ガイアウィスパーが聞こえる。その音声の方を向くと、居たのは……

「Dr.真木!」

「かつて、T-REXというメモリがありましてね。探してみたら、このメモリがあったもので、少々実験をと。」

そう言う恐竜グリードの隣にはプテラノドンヤミーが居た。

恐竜グリードは真横に来たことを確認すると、プテラノドンヤミーに向けてプテラノドンメモリを投げる。
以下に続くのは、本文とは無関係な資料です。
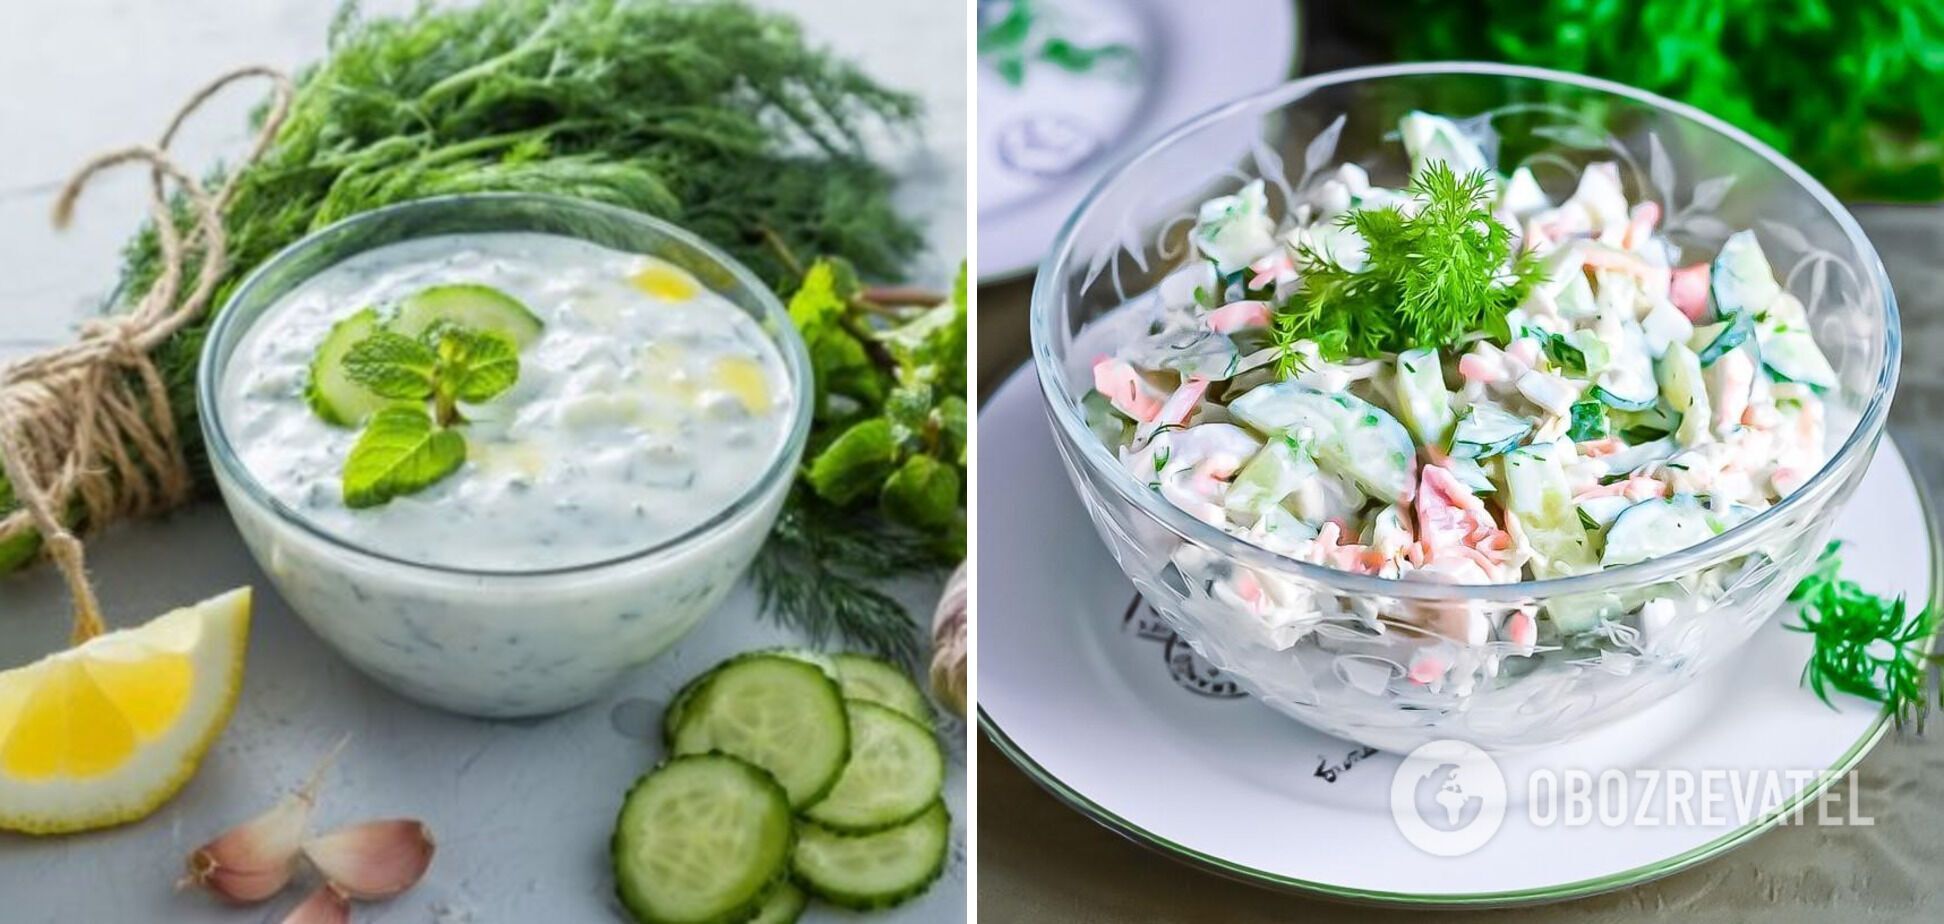 How to cook delicious okroshka at home

すると、プテラノドンヤミーの全身にスパークが走り、全長5mほどのプテラノドンになる。

「へぇ、あれが擬似グリードか。」

「しょ、翔太郎さん!…いえ、アレはヤミードーパントって言う方がいいですね。アレは純度100%のセルメダルでできたヤミーですから。」

そこに翔太郎たちがいたことに驚いたが、すぐに冷静さを取り戻す。

「さぁ、行くぜ…相棒(フィリップ)!」

「あぁ、行こう。『サイクロン!』」

『ジョーカー!』

「「変身!」」

フィリップがドライバーに挿したサイクロンメモリが、翔太郎のドライバーに転送され、それを押し込む。ジョーカーメモリを挿しドライバーを左右に展開する。

『サイクロン!ジョーカー!』

フィリップは倒れそうになるところを、亜樹子に支えられる。

「俺たちも行かないと。」

「そうだね。……あ、セルメダルの残りが少ない。けど、やるしかない!」

「「変身!」」

『プテラ!トリケラ!ティラノ!プ・ト・ティラ〜ノ・ザウル〜ス!』

オーズ プトティラコンボとバース、更にダブル CJが戦線に立った。